The truth is that Congress does not need the CRA to repeal a regulation. Congress can roll back rules through the normal legislative process. When popular protections that save lives and protect working families and consumers are on the line, there is no reason to give opponents a shortcut to repealing them. That is the essence of rigged system.
The second reason to repeal the CRA is that it is so poorly drafted and vague that members of Congress cannot agree on how to interpret the plain language of the bill. For example, the CRA prohibits agencies from reissuing rules that are “substantially the same” as any rule overturned under the law, unless Congress passes a new law reauthorizing the rule. This draconian element of the CRA is one of the main reasons it should never have been used.
Yet everyone seems to have a different opinion of what “substantially the same” means. For example, when U.S. Senator John McCain (R-Ariz.) shocked Republicans by voting against a CRA resolution targeting methane waste regulations, he stated that it was because he feared this provision would have prevented the U.S. Department of the Interior from making improvements to the methane rule. On the other hand, U.S. Senator Rob Portman (R-Ohio) read the exact same language in the opposite way, arguing that the Interior Department would be able to produce another rule that restricts methane waste.

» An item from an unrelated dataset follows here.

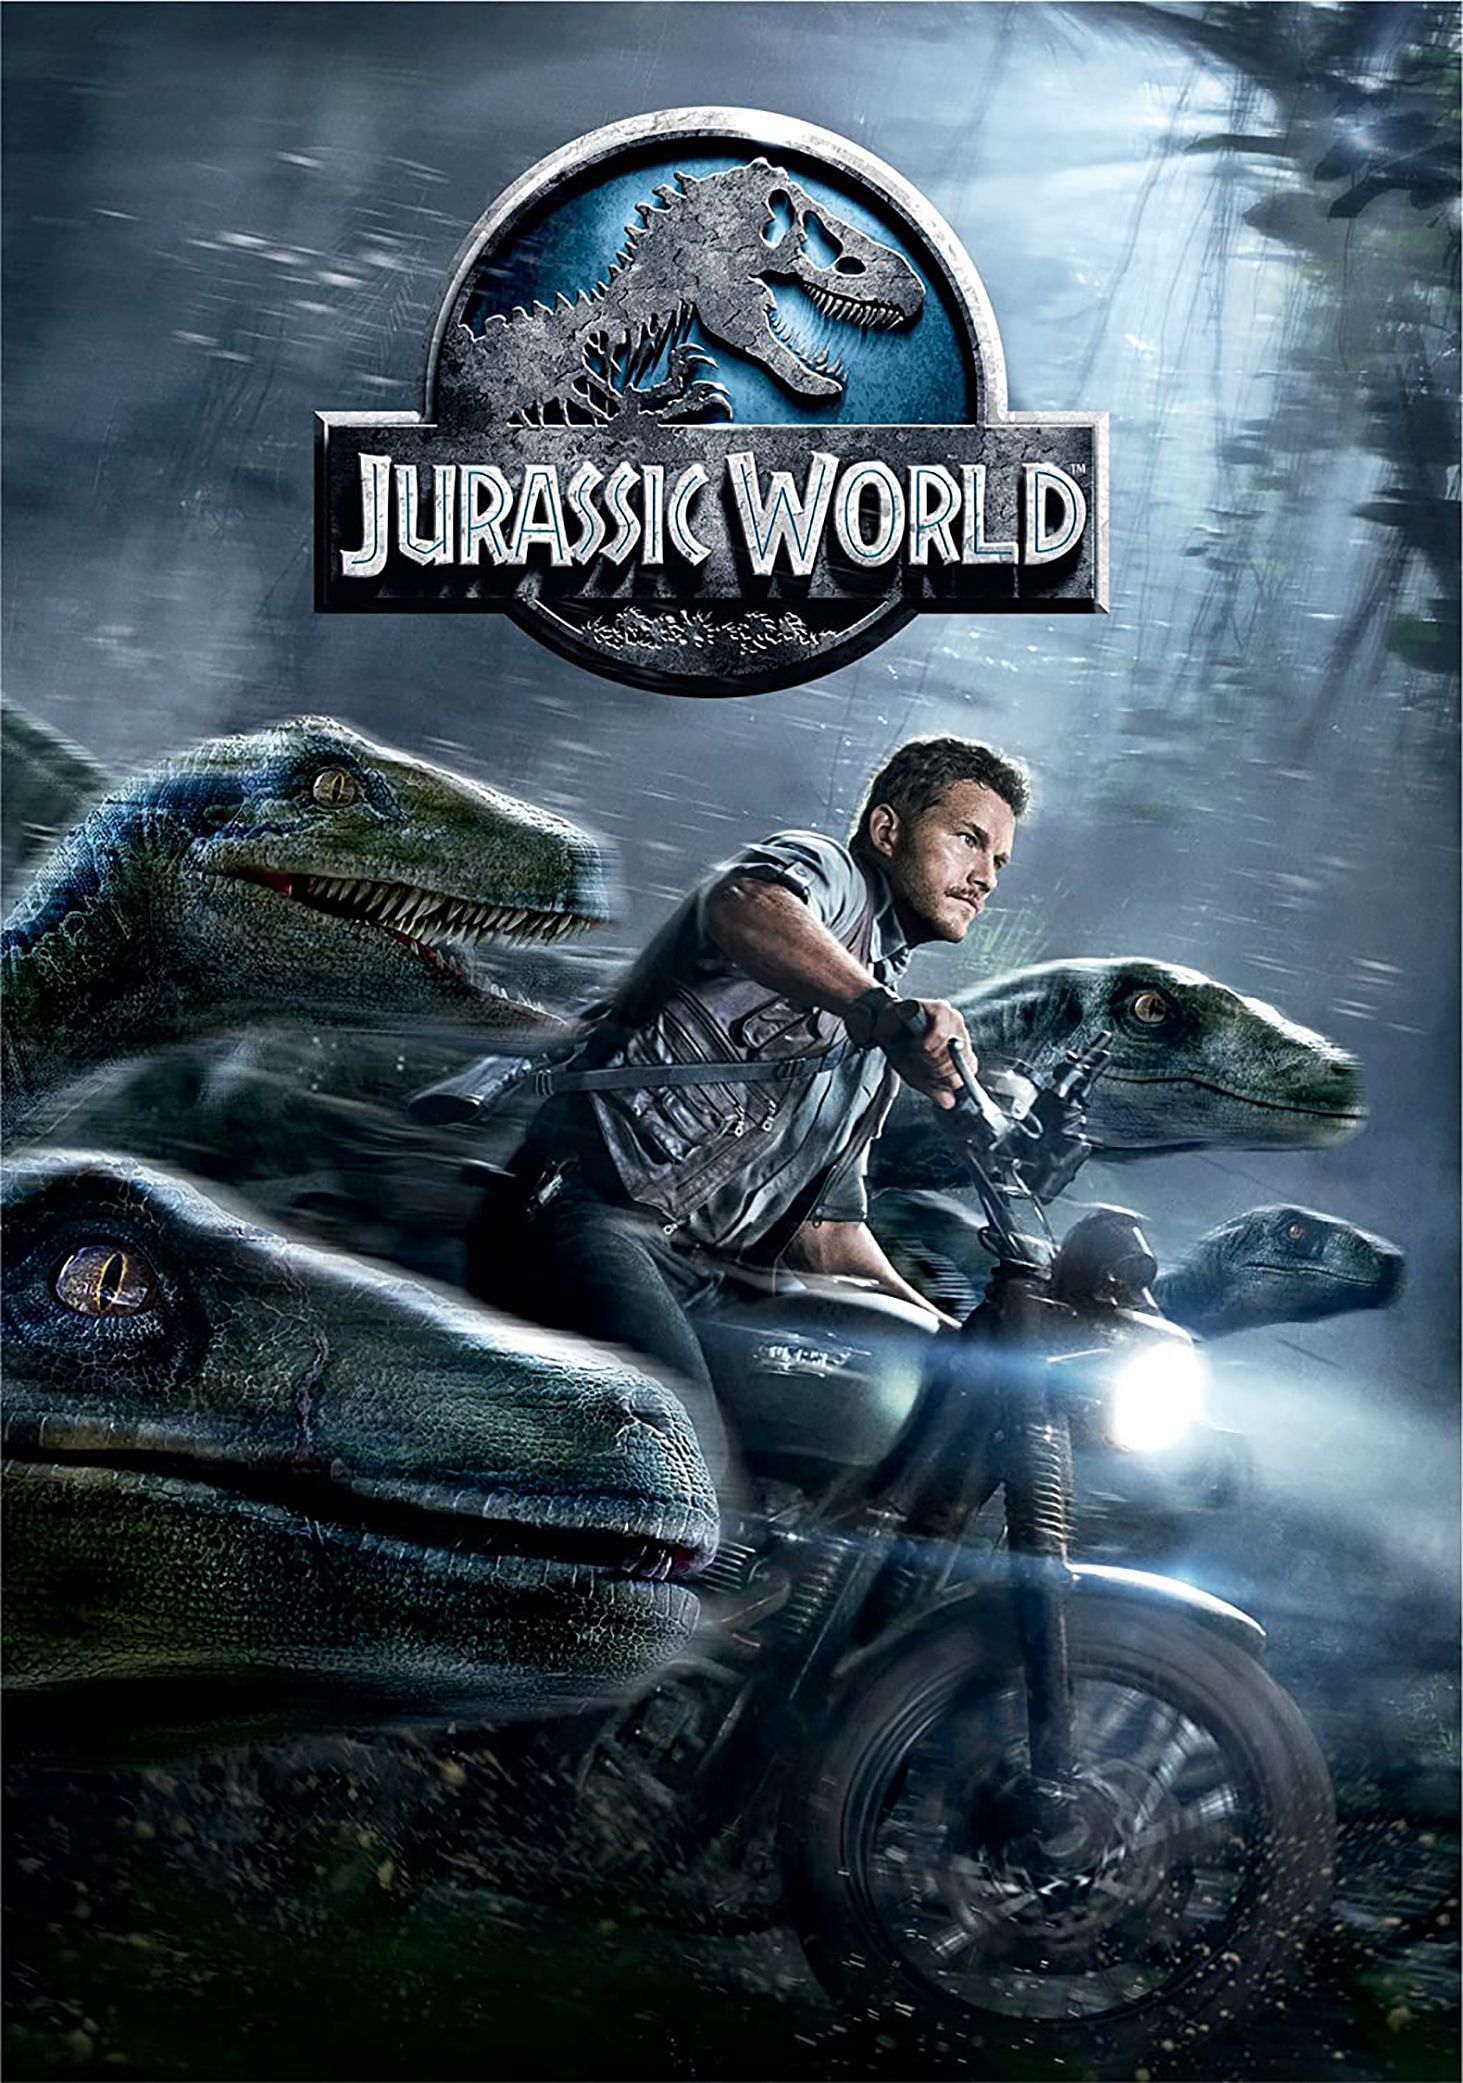 Jurassic World (Image via Universal)

When different senators from the same party read the same legislation and come to opposite conclusions as to what it means, it is a clear sign that the law is poorly designed and needs to be scrapped. The SCRAP Act would clarify that agencies can reissue the rules that were previously overturned under the CRA.
If we need one final reason to get rid of the CRA, it is that some conservatives are proposing to take advantage of the CRA’s vagueness to expand significantly the list of potential targets for repeal. They have spawned a madcap legal theory that regulatory actions from many years ago could be overturned through the CRA’s expedited process if agencies did not submit their rules to Congress.

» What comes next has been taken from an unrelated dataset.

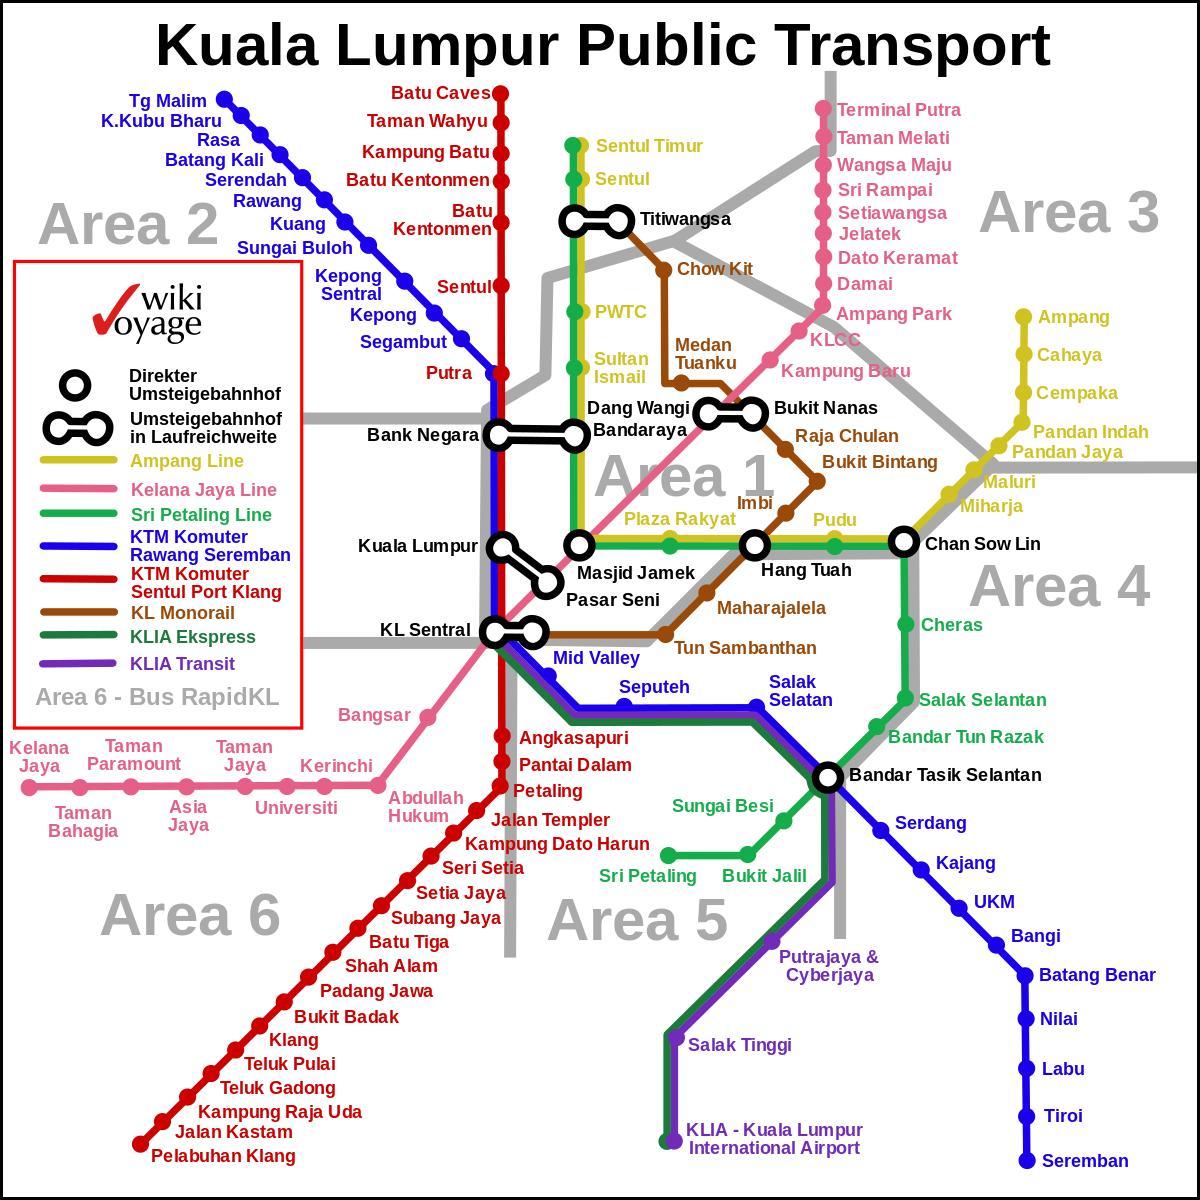 सार्वजनिक परिवहन नक्शा कुआलालंपुर

This flies in the face of clear congressional intent that the CRA would be used only to challenge recently issued rules. Indeed, the new theory rests on a dubious assumption: that the failure to comply with a minor paperwork requirement in the CRA is as crucial to the validity of a regulation as the years, even decades, of resource-intensive analysis, public comment, and reasoned justifications that went into developing the regulation in the first place. It is also a remarkable coincidence that we are hearing about this theory for the first time at the same moment that Republicans in Washington would be able to act on it. It is a cynical calculation that, now that the GOP controls both chambers of Congress and the presidency, the CRA should be stretched far beyond its original intent to exploit the favorable political circumstances and get rid of public protections that industry has wanted to cut for years.
The CRA was not a good idea to begin with, and the public is paying a steep price for its use. It is time to scrap the CRA.